PROVIDED RECORDS.
■ ■ ■ ■

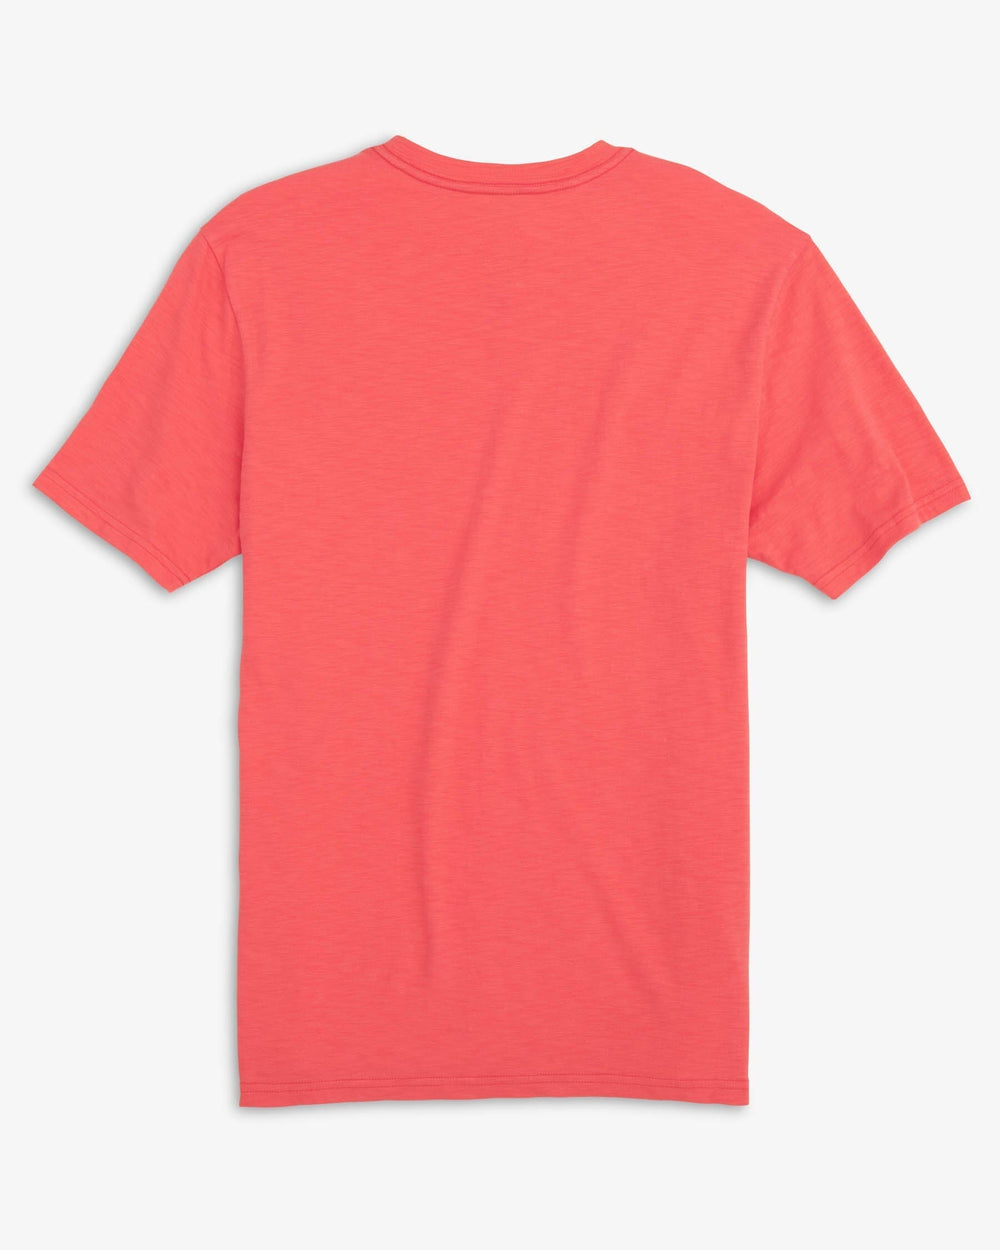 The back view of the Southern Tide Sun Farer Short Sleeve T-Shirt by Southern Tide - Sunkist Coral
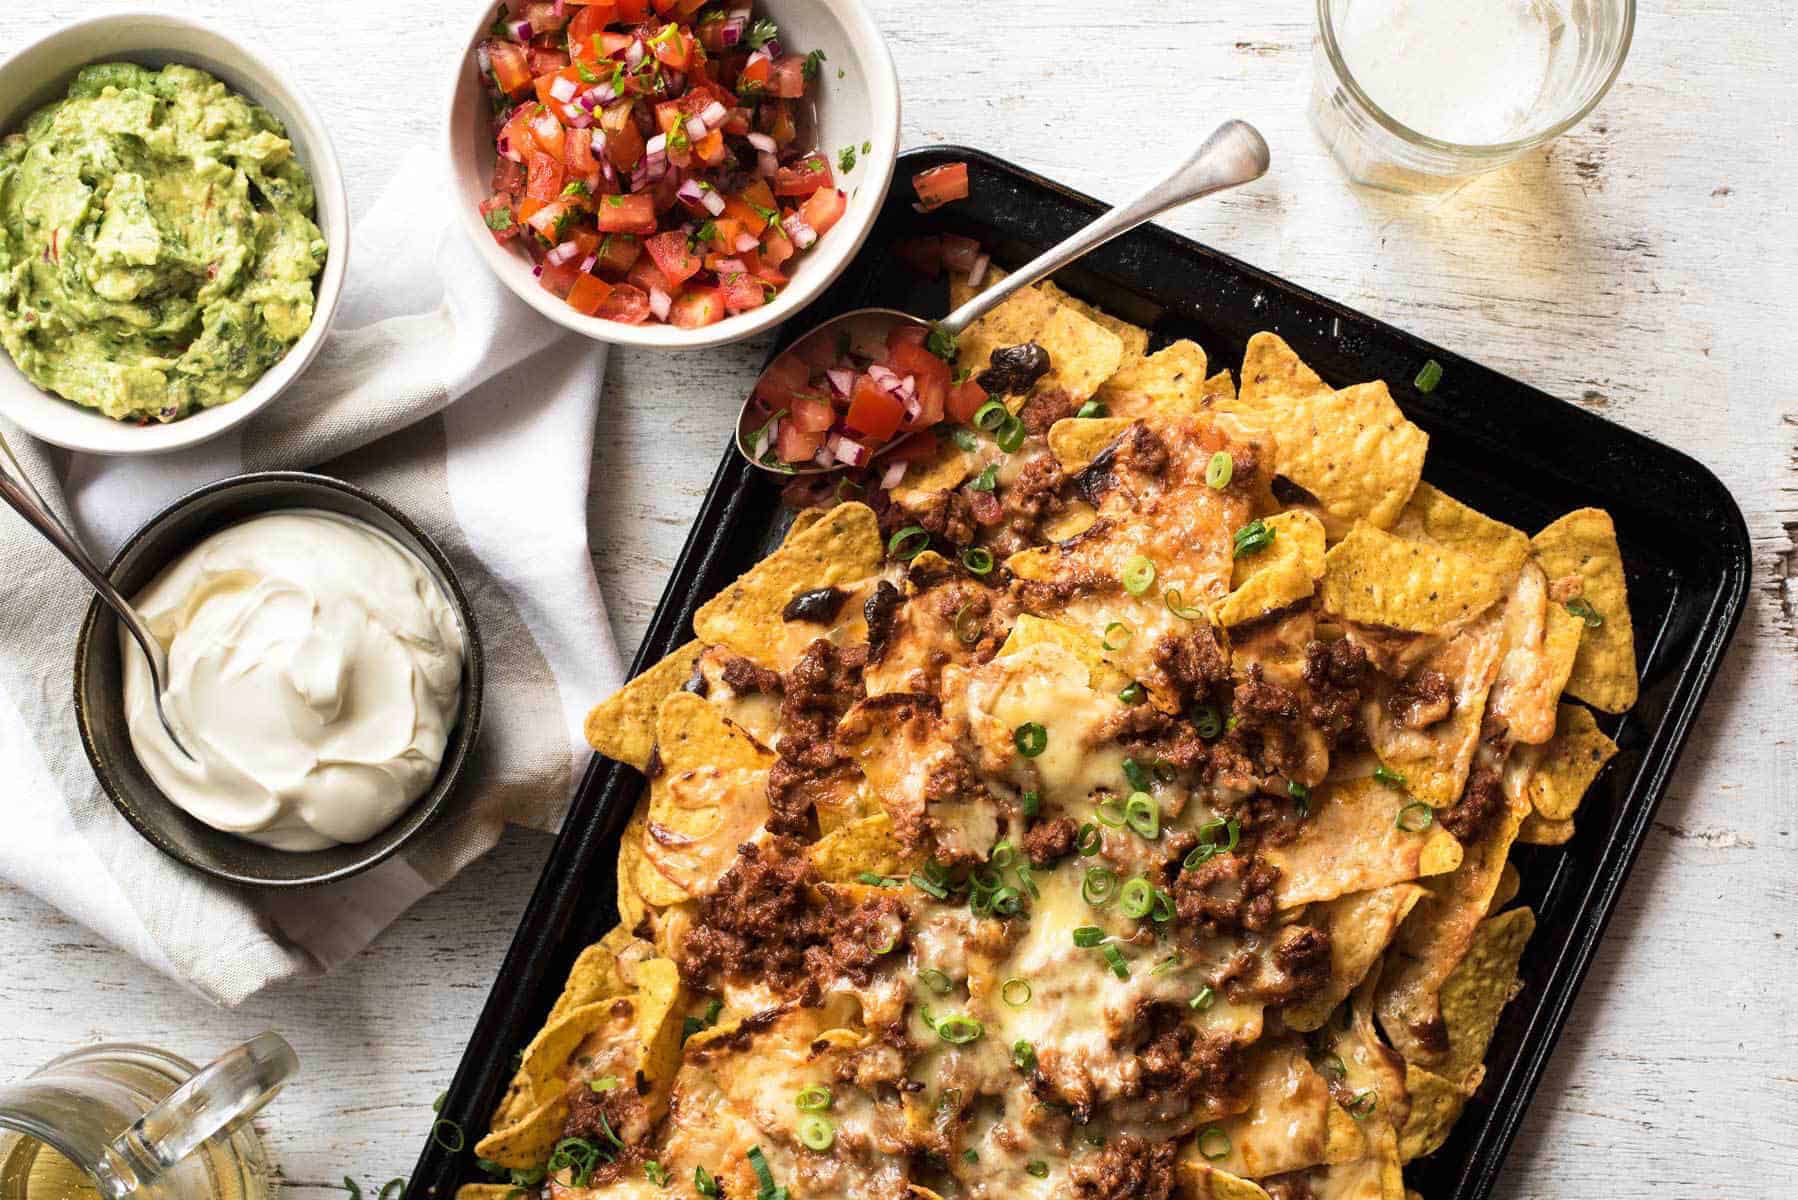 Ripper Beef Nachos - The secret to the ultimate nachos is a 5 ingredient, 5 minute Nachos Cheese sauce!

■ ■ ■ ■

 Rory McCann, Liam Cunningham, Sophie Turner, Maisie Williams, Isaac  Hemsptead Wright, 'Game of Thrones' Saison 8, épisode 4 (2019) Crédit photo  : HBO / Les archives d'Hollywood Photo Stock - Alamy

■ ■ ■ ■

TASK INSTRUCTIONS. Given the records above, return the lines starting at the one that holds "The back view" and ending at the one that holds "Ripper Beef Nachos", exactly, and nothing besides; leave every picture out.

SOLUTION TO THE EXERCISE.
 The back view of the Southern Tide Sun Farer Short Sleeve T-Shirt by Southern Tide - Sunkist Coral
 Ripper Beef Nachos - The secret to the ultimate nachos is a 5 ingredient, 5 minute Nachos Cheese sauce!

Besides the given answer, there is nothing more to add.